Developers often keep developing if there’s money available, even in the face of a glut of buildings, because they need projects to keep their organizations working.

But some have turned cautious in the central part of the county--the older cities of Santa Ana, Anaheim and Orange.

Some of the big developers operating there are waiting to sign up a big tenant before building an office tower, said Chip Greene, a Grubb & Ellis broker. Meanwhile, that market is beginning to look better and better: The last big office building to open there was in November, 1988.

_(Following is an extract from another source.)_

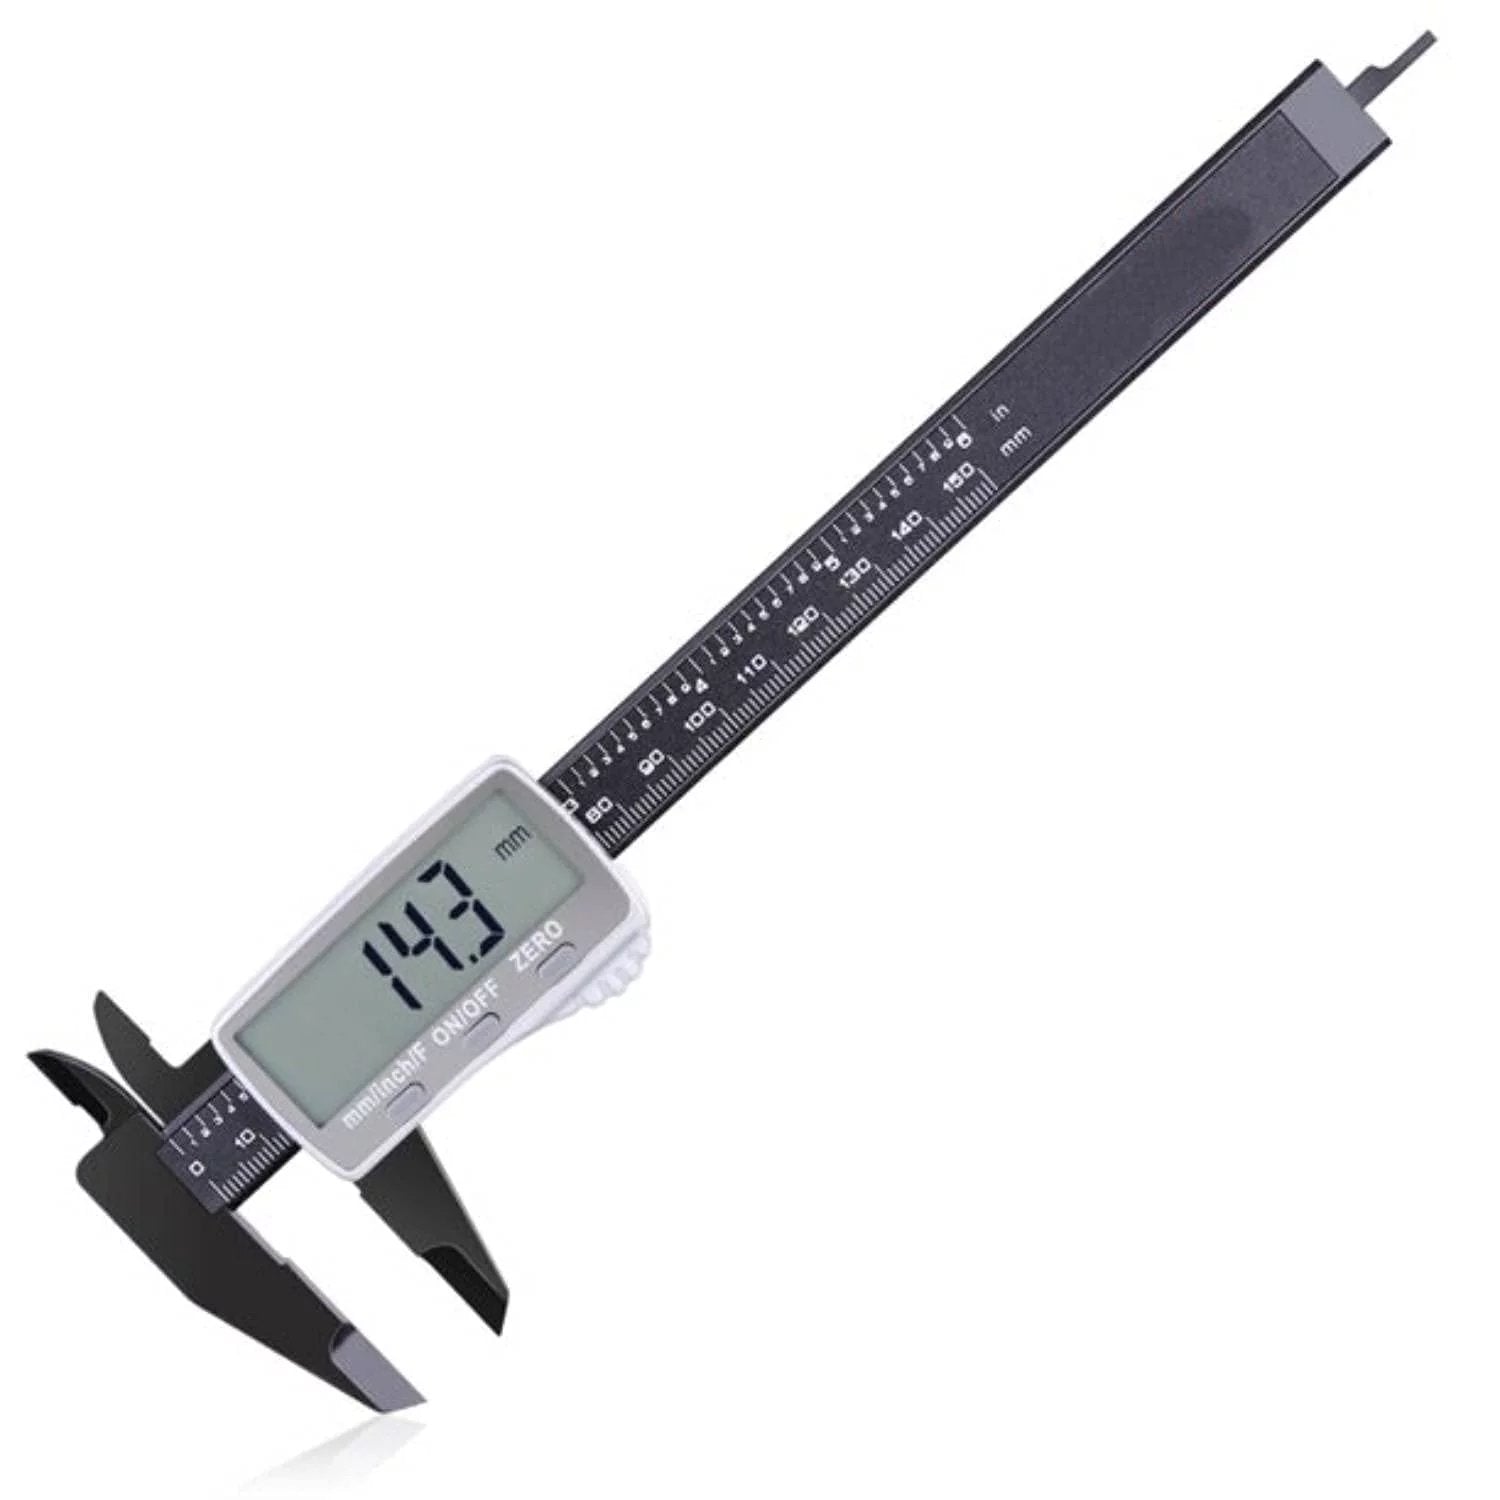 6" inch Digital Caliper Precision Measuring Tool with LCD Display Electronic Vernier 150mm

OFFICE CONSTRUCTION PLUMMETS IN SOUTH COUNTY

Persistently high vacancy rates and tightening credit have finally started to have an affect on the feverish pace of new office construcion on the county, particularly in the southern submarket, where vacancy rates have reached 29%.

SPACE UNDER CONSTRUCTION

Airport Area

2nd Quarter 1989: 1,988,936

2nd Quarter 1990: 1,975,777

South County

2nd Quarter 1989: 1,484,028

2nd Quarter 1990: 367,046

North County

2nd Quarter 1989: 252,967

2nd Quarter 1990: 229,365

Central County

2nd Quarter 1989: 143,000

2nd Quarter 1990: 196,476

West County

2nd Quarter 1989: 45,454

2nd Quarter 1990: 0

Note: Total square feet of office space under construction per area

VACANCY RATES

Airport Area: 21%

South County: 29%

North County: 25%

Central County: 23%

West County: 20%

AIRPORT AREA DOMINATES OFFICE MARKET

In millions of square feet:

Airport Area: 25.0

South County: 4.8

North County: 3.75

Central County: 14.1

West County: 4.62

Growth is continuing in the airport area submarket, which already holds nearly half of the county’s 52.9 million square feet of office space.